Participants on our North Pole Flight with Overnight at Barneo will settle in for a cozy "night" on the ice. Of course "night-time" is only a word at this time of year you will actually be sleeping under the 24 hour sunlight of the polar spring.  Darkened sleeping tents aid with your sleeping. Around the camp expeditioners from around the world may be preparing for their attempts to reach the North Pole by ski, dogsled, parachute, or scuba. And researchers from all corners of the globe may be conducting research. There is never a dull moment at Barneo! All meals will be provided during your stay at Barneo.
Participants on the North Pole Same Day Flight will return to Longyearbyen and be transferred to their hotel. This is the official end of the expedition.
Day 3
Participants on our North Pole Flight with Overnight at Barneo will wake up and dress in warm clothing for the short walk across camp to the mess tent for breakfast. You will spend the morning at Barneo, preparing for your departure and saying good-bye to new friends. You may want to take one more trek around to photograph this historically significant basecamp, and to soak up the sites and sounds of the polar pack ice. The return flight to Longyearbyen usually gets you back in time for an evening meal and festivities. This is the official end of the expedition.

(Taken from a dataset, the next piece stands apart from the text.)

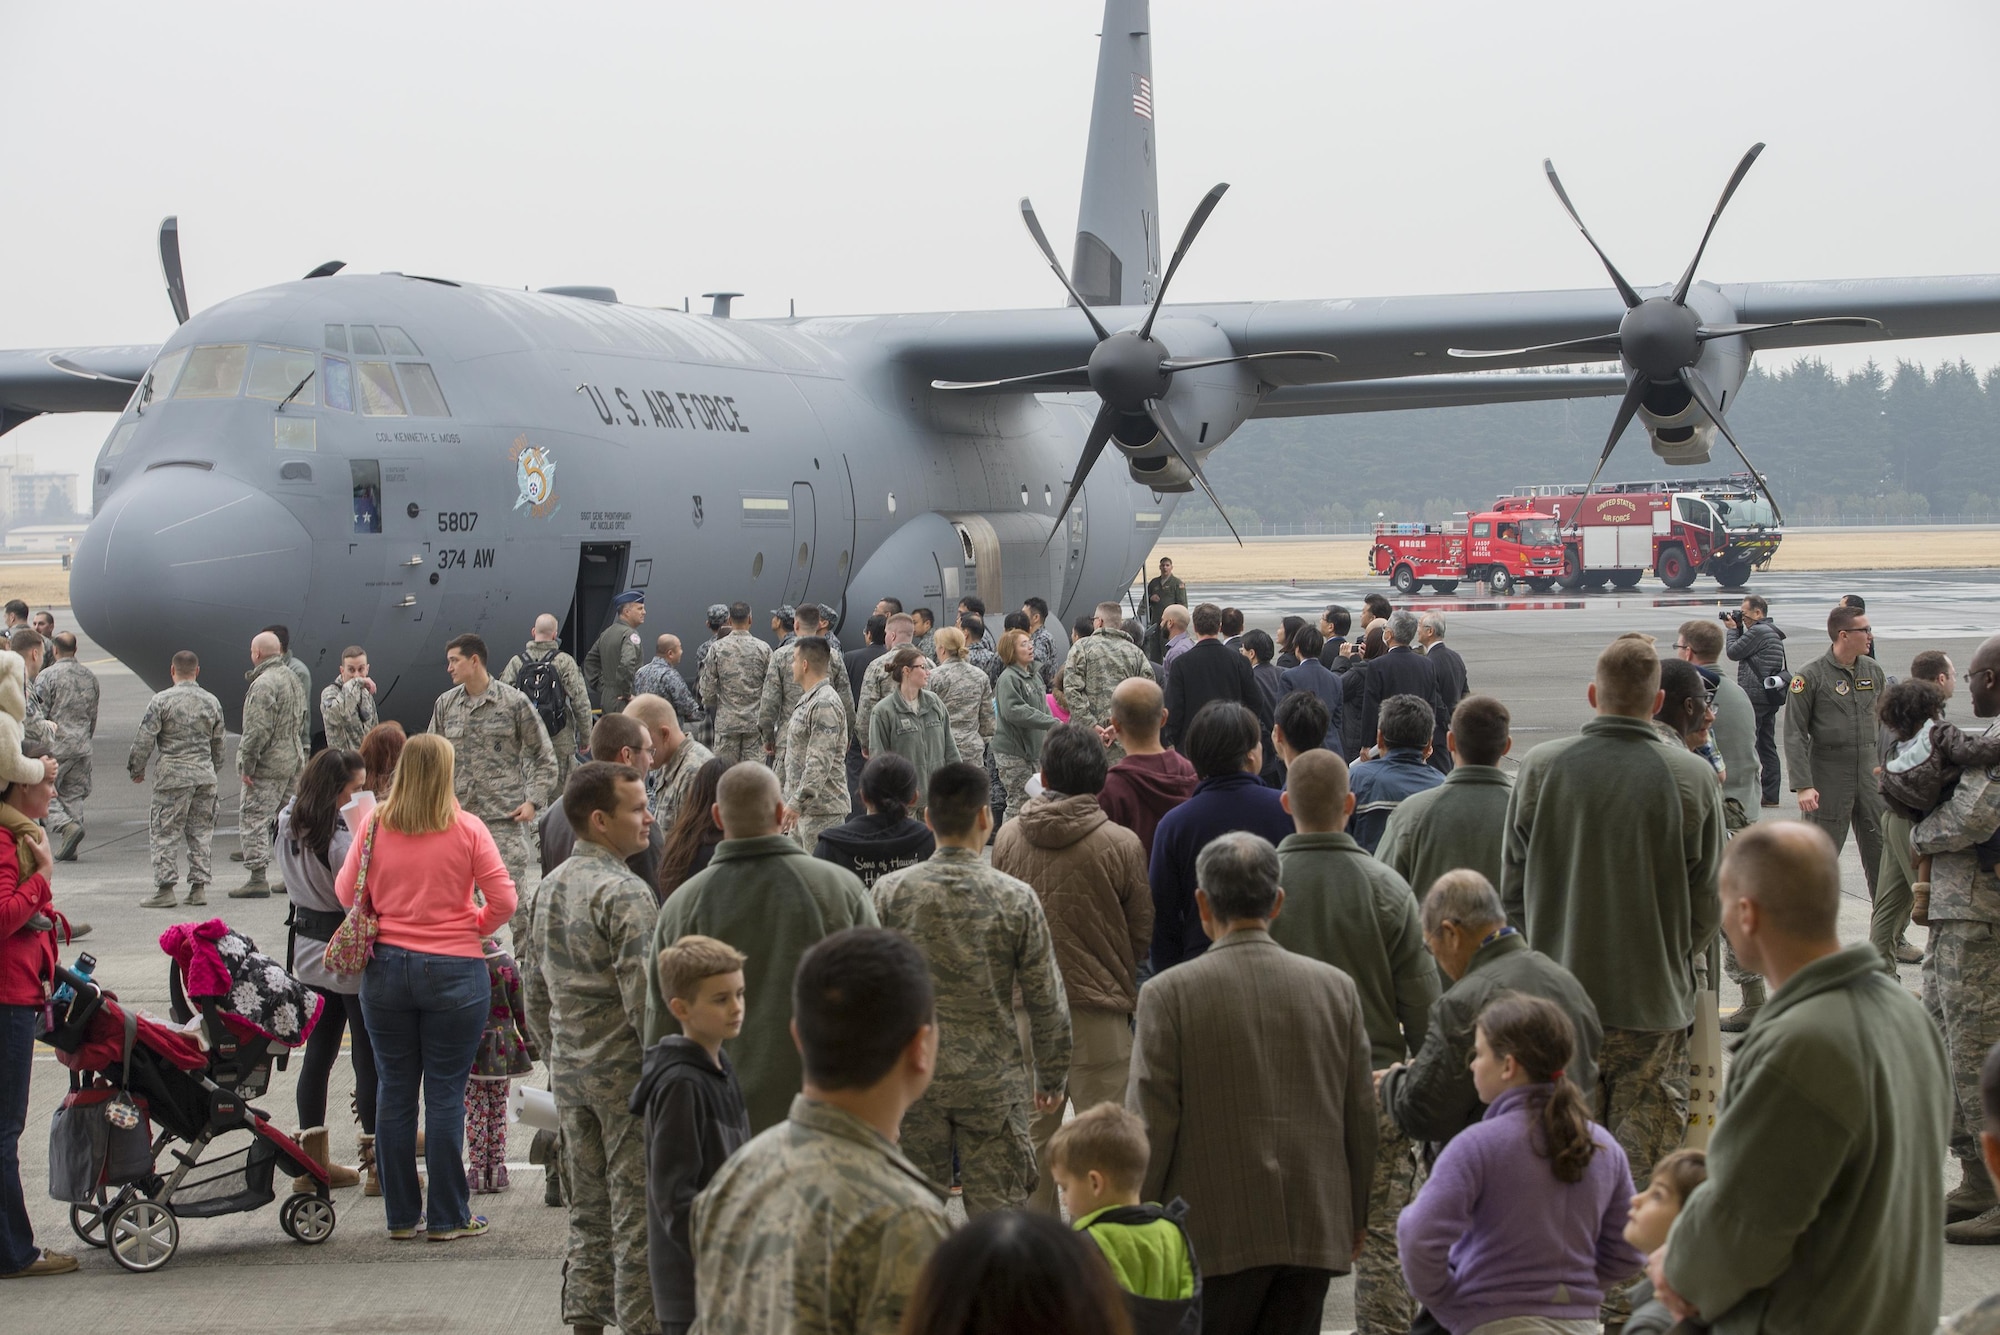 The first C-130J Super Hercules to be assigned to U.S. Pacific Air Forces arrives at Yokota Air Base, Japan, Mar. 6, 2017. The C-130Js will be used to support critical peacekeeping and contingency operations throughout the Indo-Asia Pacific region, including cargo delivery, troop transport, airdrop and aeromedical missions. (U.S. Air Force photo by Senior Airman David C. Danford)

***Flight itinerary availability varies year to year. We organize and guide flight expeditions every year, but each itinerary is not always available every year. Please check with us for additional details.

North Pole Flight: Equipment List

Upon registration, you will receive a PolarExplorers comprehensive gear guide that explains the importance of each item as well as gear recommendations from our past participants.

  • 1 insulated parka with hood
  • 1 pair insulated pants
  • 1 pair snow pack ski boots (bring your own or rent this item from PolarExplorers)
  • 1 pair wool, silk, or synthetic long underwear tops and bottoms. NO COTTON!
  • 2 pair heavy wool or synthetic socks
  • 1 wool or fleece sweater (mid weight)
  • 1 wool or fleece sweater (heavy weight)
  • 1 wool or fleece hat (provided by PolarExplorers - yours to keep!)
  • 1 neck gaiter
  • 1 pair wool or synthetic gloves
  • 1 pair wool or fleece mittens
  • 1 pair sunglasses or snow goggles
  • Casual clothing for lodge (shirt, pants, socks, pajamas, underwear, etc.)
  • Casual but sturdy shoes for lodge and wearing around Longyearbyen
  • 1 pair slippers for inside buildings in Longyearbyen
  • Toiletries (toothbrush, toothpaste, comb, etc.)
  • Personal medications (with prescription for customs!)
  • Luggage locks

North Pole Flight Qualifications

Our North Pole Flights are for people who want to experience the North Pole, but don't have the time, energy or funding to do a full expedition.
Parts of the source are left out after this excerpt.